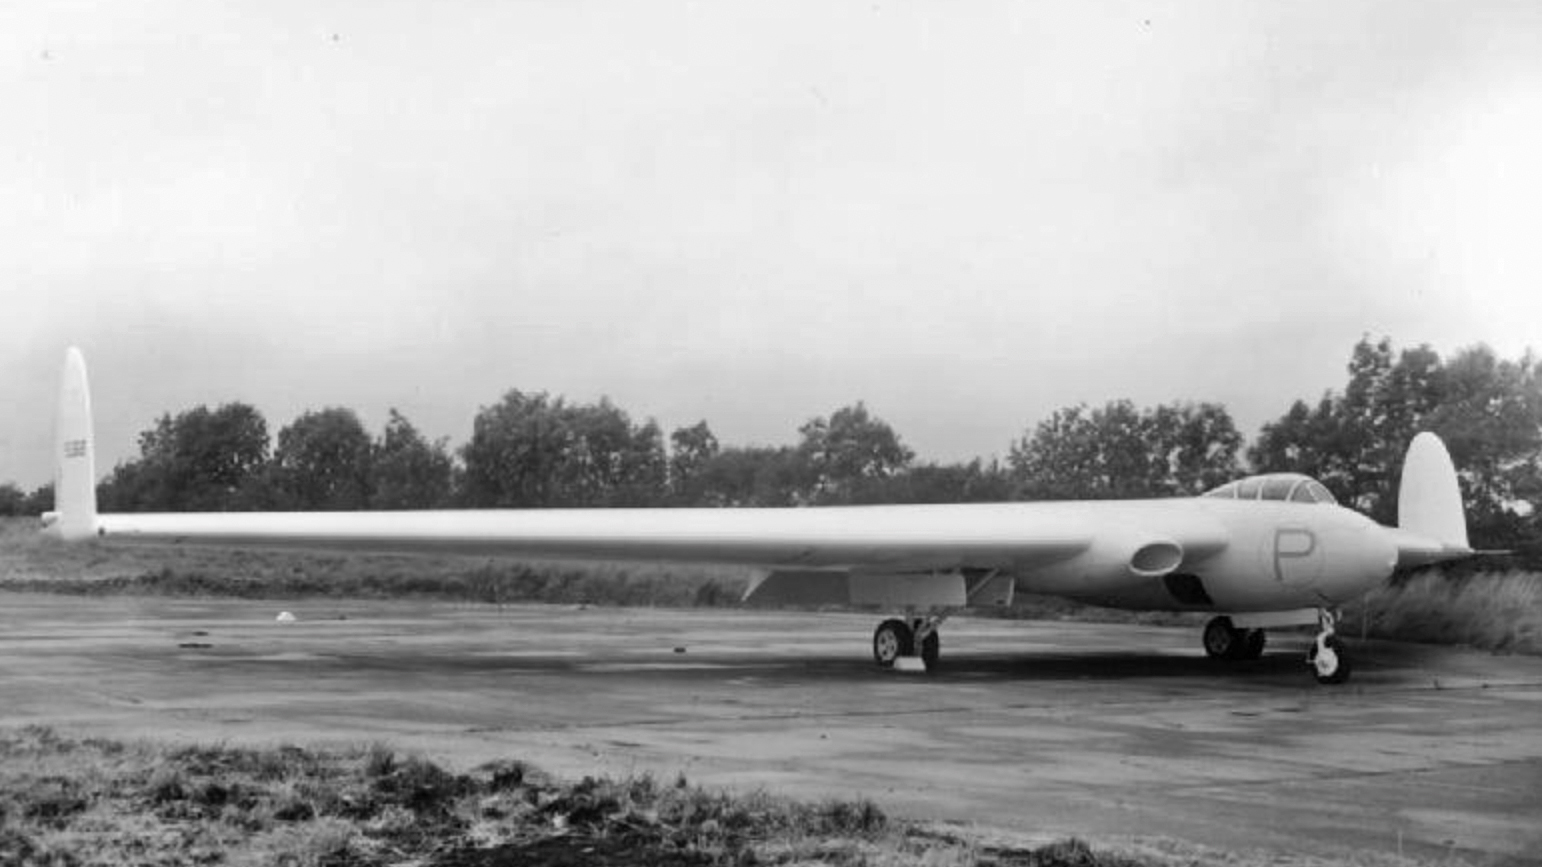 Armstrong Whitworth AW52 early flying wing aircraft designed and produced by British aircraft manufacturer Armstrong Whitworth Aircraft.
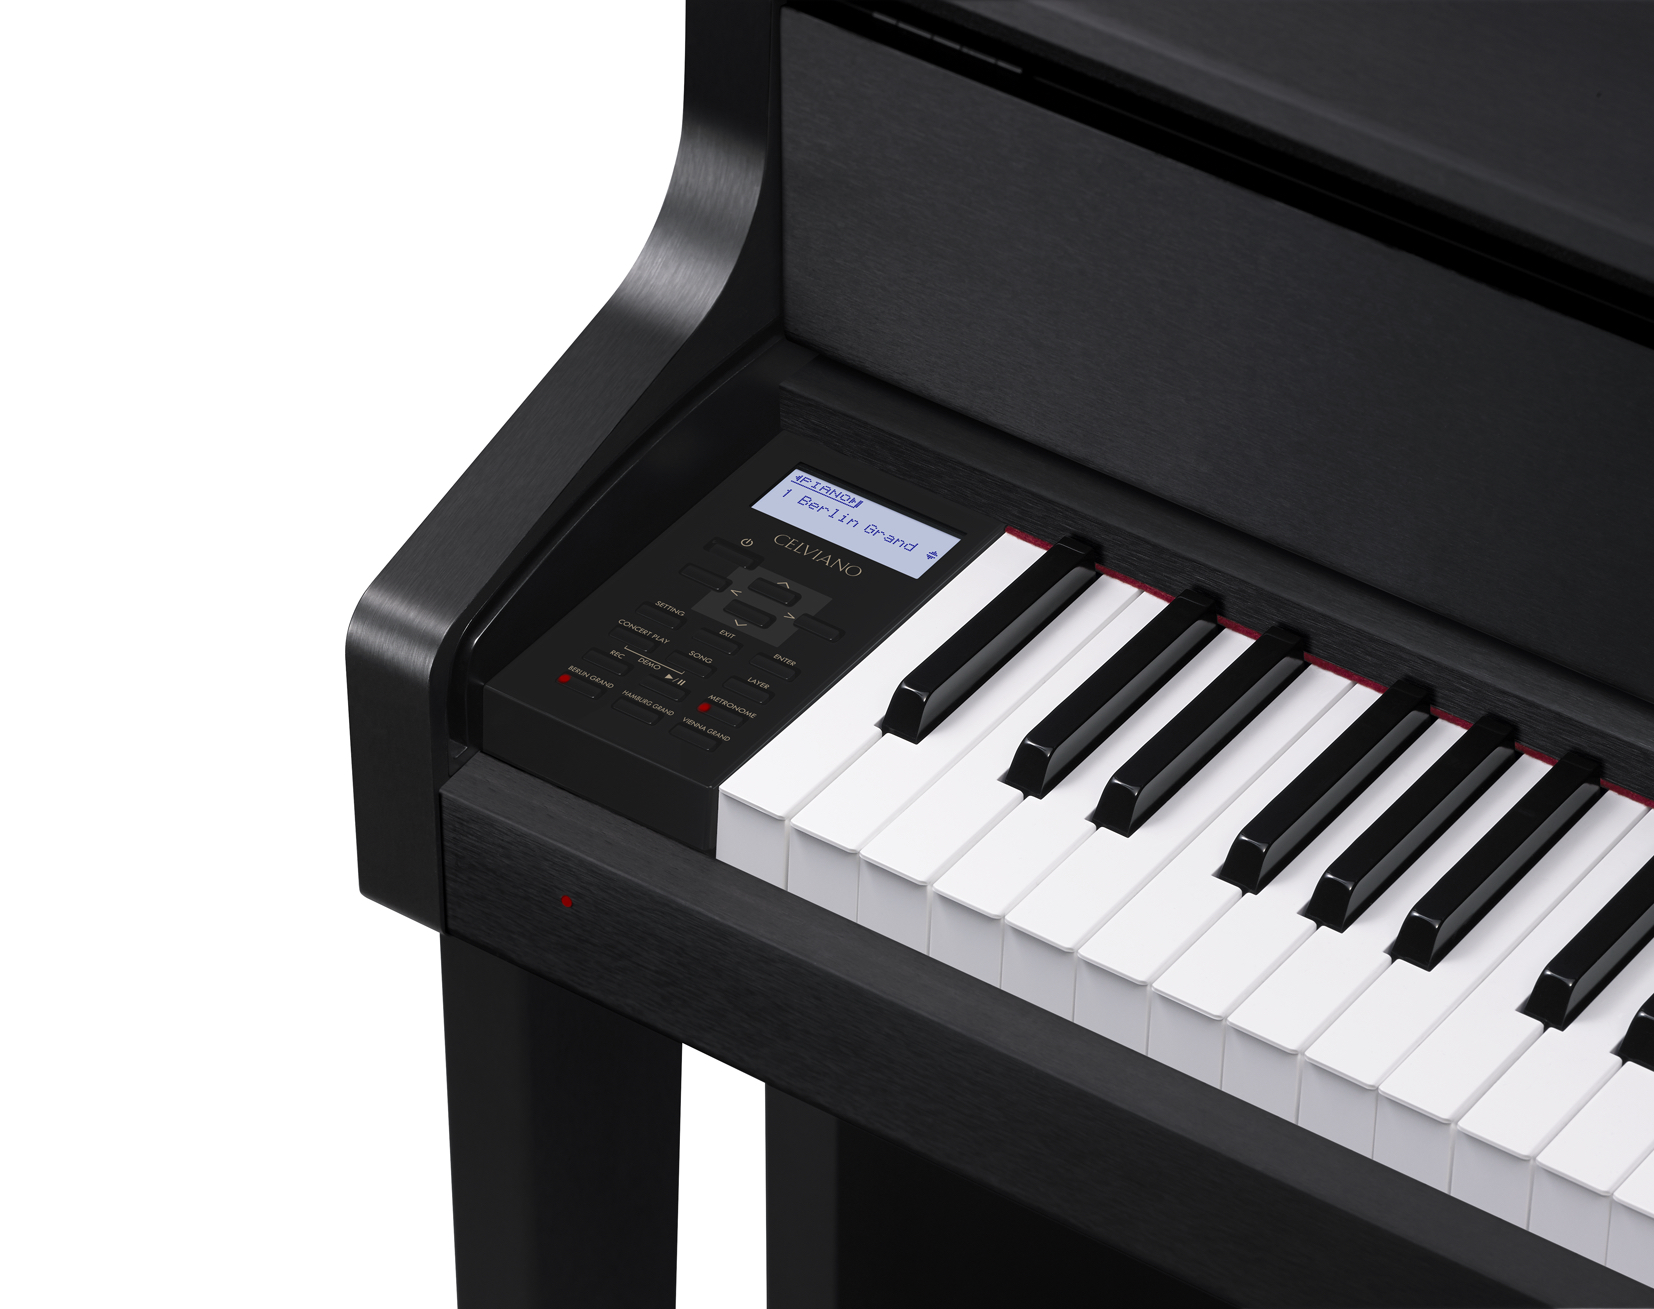 Gp 300bk Celviano Hybrid Grand Piano Electronic Musical Instruments Casio
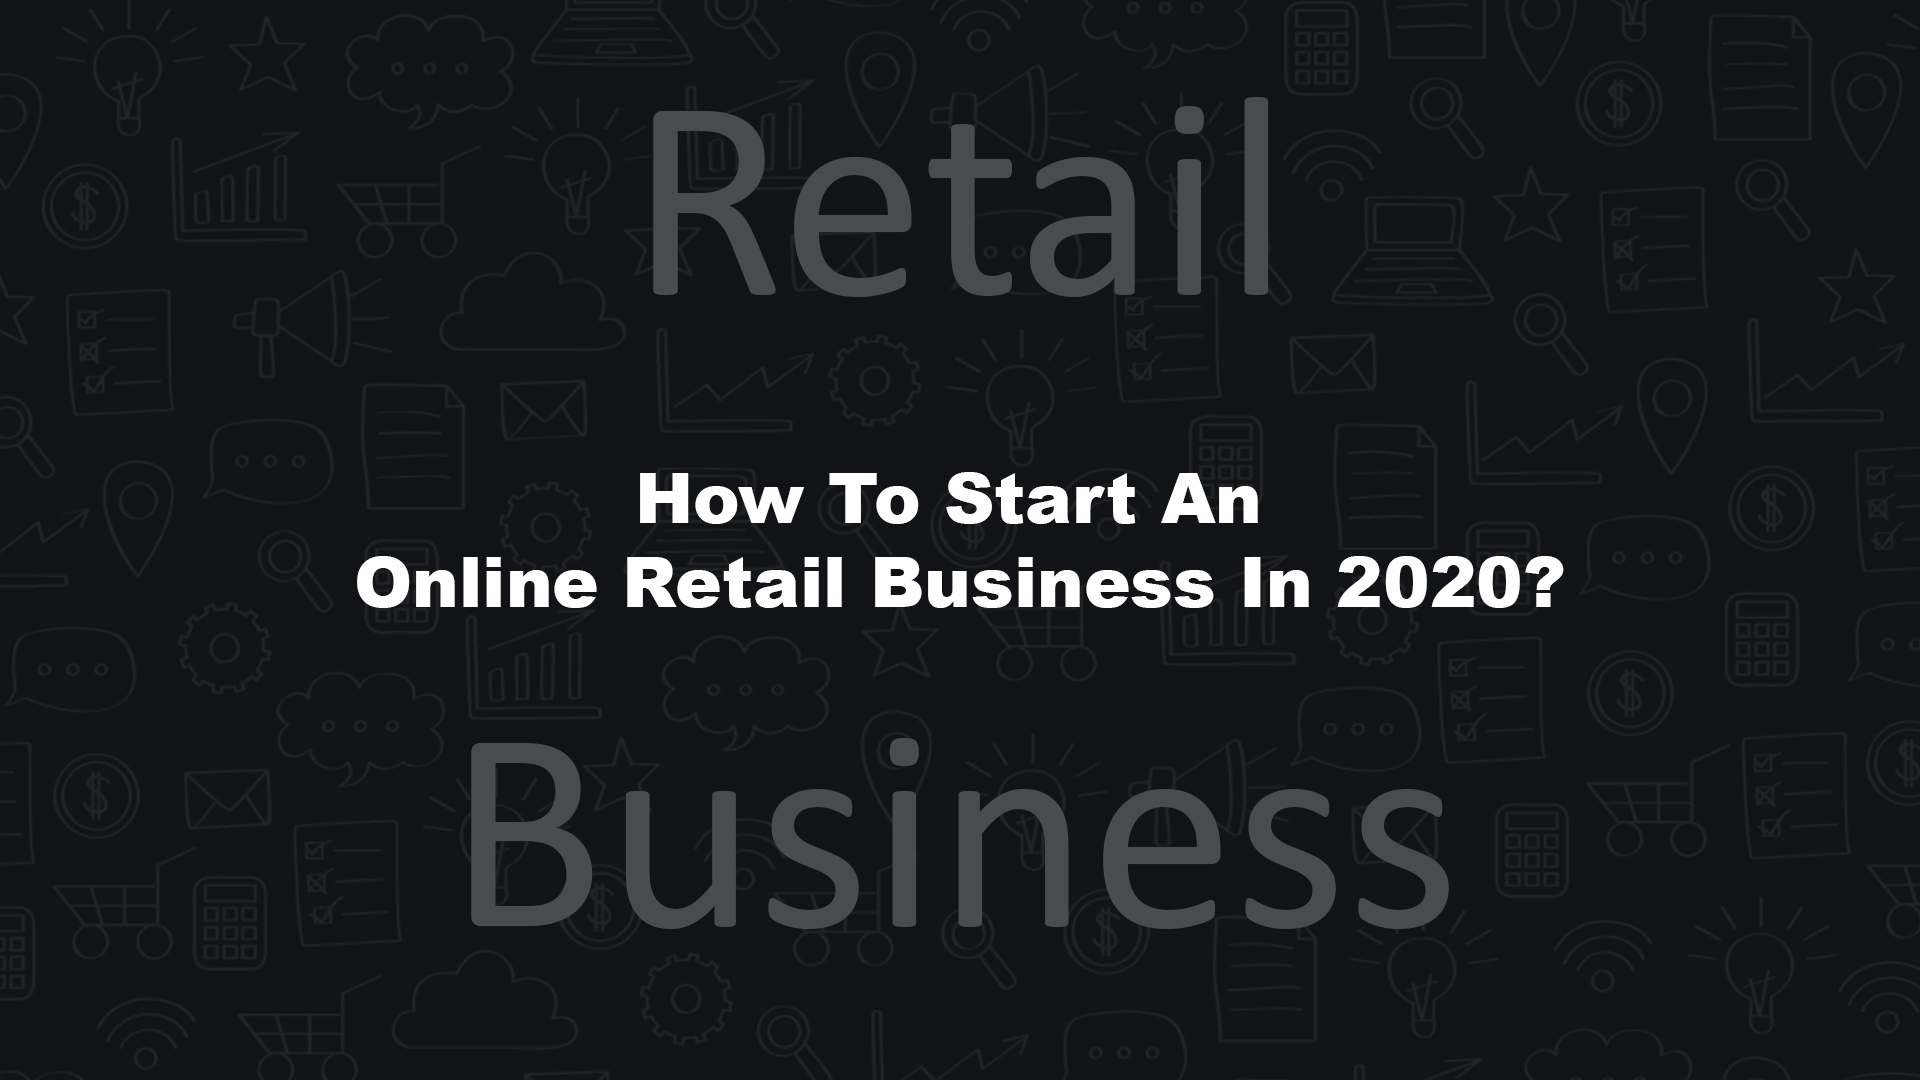 Online Retail Business In 2020
+ + + + + + +
[Problem details]: Write out the data above precisely. Pictures stay out.

[Finished exercise]:
 Armstrong Whitworth AW52 early flying wing aircraft designed and produced by British aircraft manufacturer Armstrong Whitworth Aircraft.
 Gp 300bk Celviano Hybrid Grand Piano Electronic Musical Instruments Casio
 Online Retail Business In 2020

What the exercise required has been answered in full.